Robotics Engineering Takes to the Seas

The International Robotic Sailing Regatta (SailBot) is a robotic sailing competition held in North America.

The International Robotic Sailing Regatta (SailBot) is a robotic sailing competition held in North America.

The International Robotic Sailing Regatta (SailBot) is a robotic sailing competition held in North America in which teams of university, college and high school students compete. The first event, in 2006, was hosted by Queen’s University in Kingston, Ontario, and took inspiration from a successful senior project at the University of British Columbia that built a robotic sailboat.

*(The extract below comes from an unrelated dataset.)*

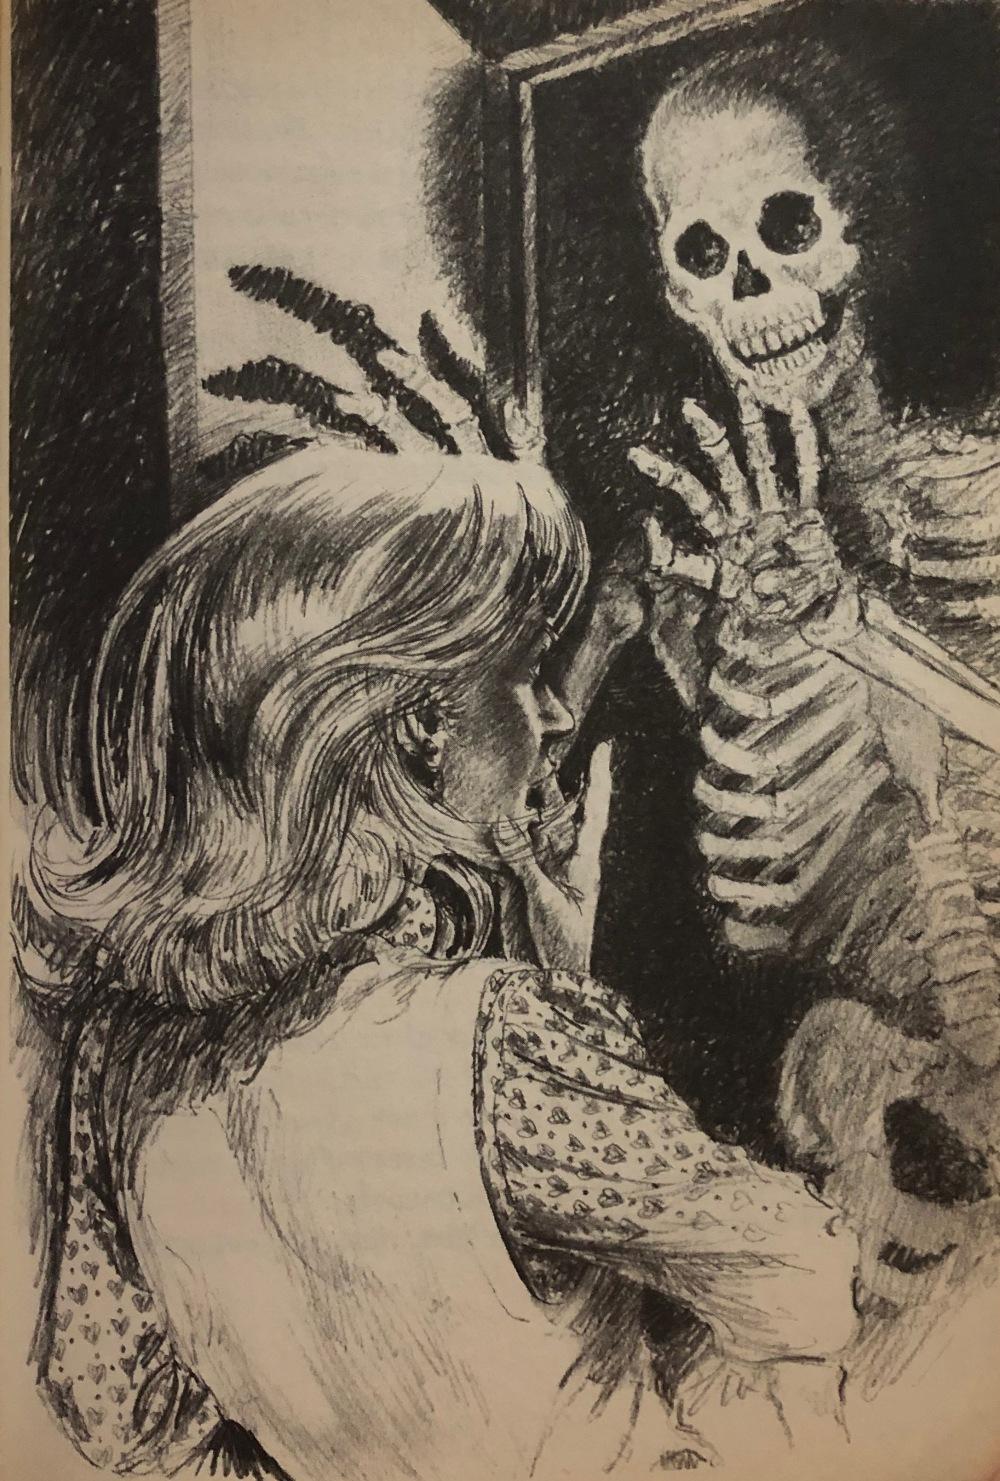 The haunted Carousell - illustration

Since 2008 teams have annually competed throughout the U.S. and Canada, traveling from as far away as Europe and Brazil. The goal is to create an unmanned sailboat that navigates through a variety of challenges with limited, if any, human control.

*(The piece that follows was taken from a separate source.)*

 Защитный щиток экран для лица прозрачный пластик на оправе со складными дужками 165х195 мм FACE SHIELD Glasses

Students use this friendly competition between schools to apply their engineering knowledge in a multi-disciplinary task that requires mechanical, electrical, software and engineering management skills to deal with this highly variable environment.

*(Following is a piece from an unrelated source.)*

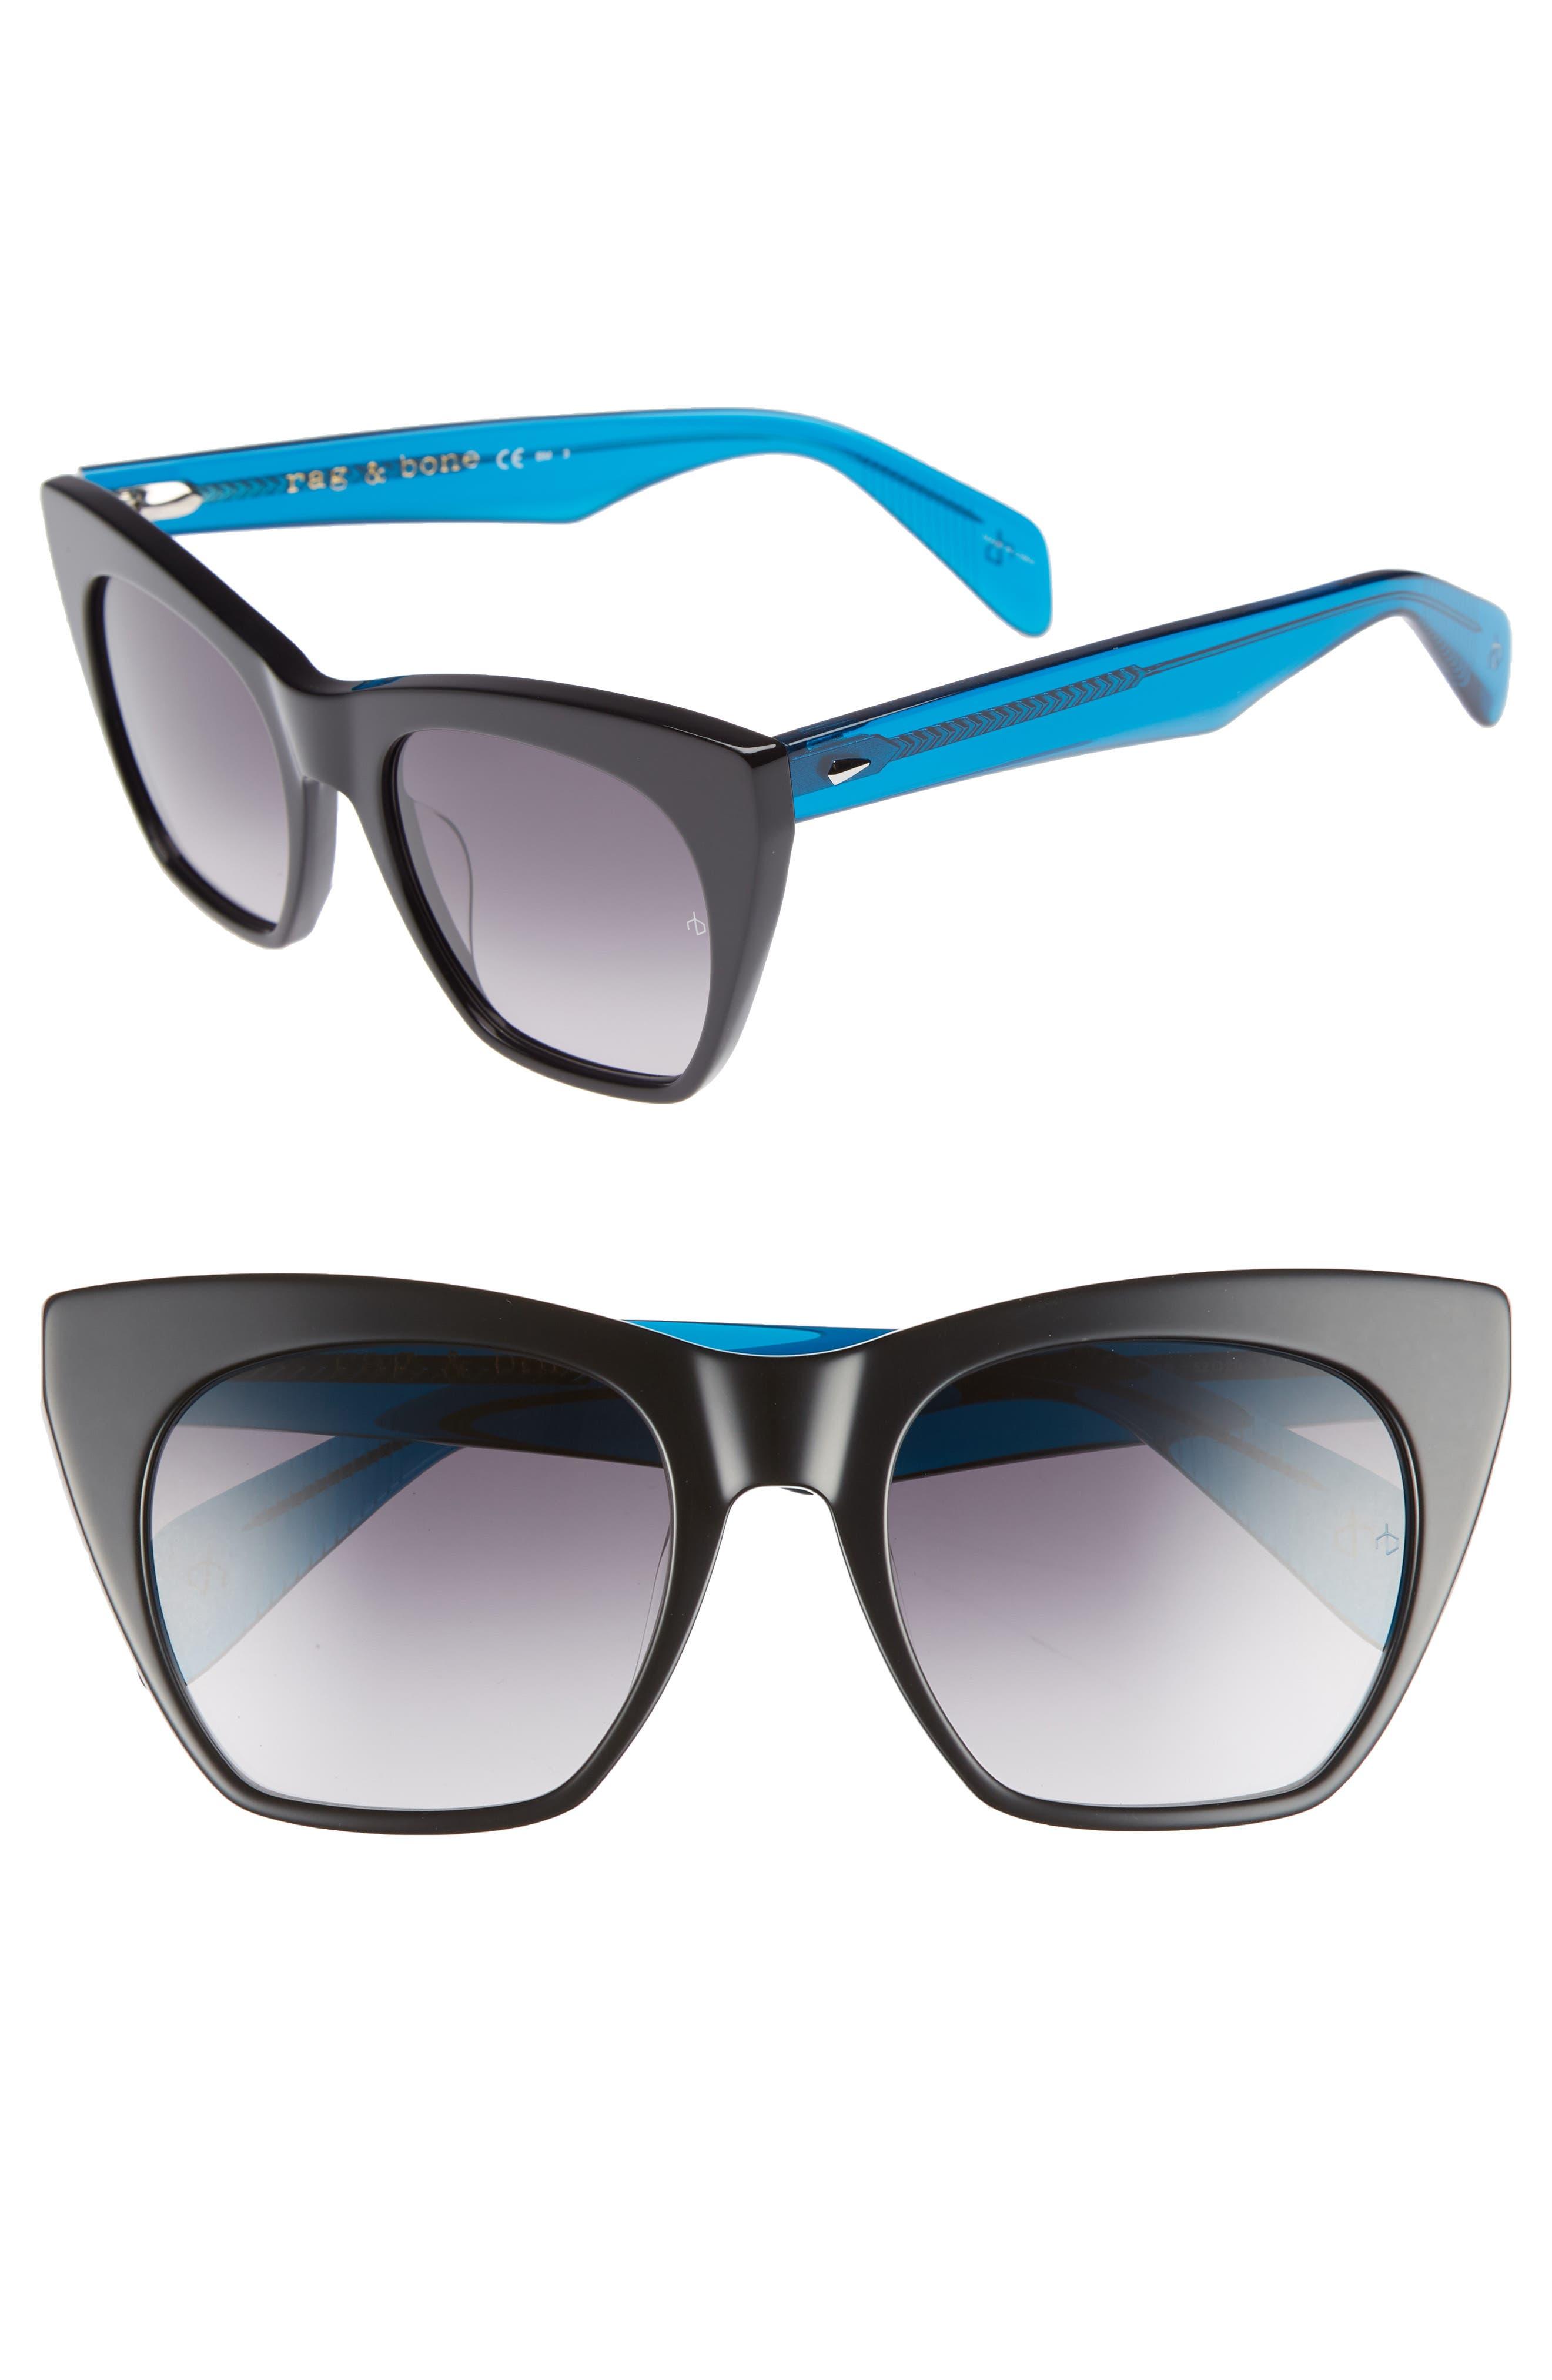 52mm Cat Eye Sunglasses,                         Main,                         color, BLACK/ BLUE

Autonomous sailboats compete in the SailBot regatta. Image courtesy of WPI.

Ken Stafford is a professor of Robotics Engineering and Mechanical Engineering, and serves as the director of the Robotics Resource Center at Worcester Polytechnic Institute in Worcester, MA.

We spoke to him to gain insight into this year’s annual SailBot Competition. Here’s how our conversation went.

Digital Engineering: Can you provide an overview of the SailBot competition, how it came to be and the intent of the program? How many participants have you had or are you expecting?

Ken Stafford: The competition is oriented to boats competing in the SailBot Class (up to 2 meters in length) but smaller boats are popular due to their easier logistics. There is an Open Class (which are boats up to 4 meters in length) oriented toward non-school teams.

Occasionally boats above 2 meters in length enter in preparation for the MicroTransAt Challenge (max 2.4 meters length) or the World Robotics Sailing Championship (up to 4 meters in length). Many teams use the MaxiMOOP as their first platform due to its convenient size of 1.2 m lightweight of20 kg,, greater payload capability than an remote-controlled boat and improved seaworthiness. 

This year we have confirmed teams coming from Queen’s University and Memorial University from Canada, plus Virginia Polytechnic Institute, Cornell University and Worcester Polytechnic Institute from the U.S.. We also have three high school teams from Newburyport High School, MA and Broadneck High School, MD.  We also have possible entrants from Olin College and Egypt.  Over the previous 12 years of competition the number of entrants ranged from three to 15.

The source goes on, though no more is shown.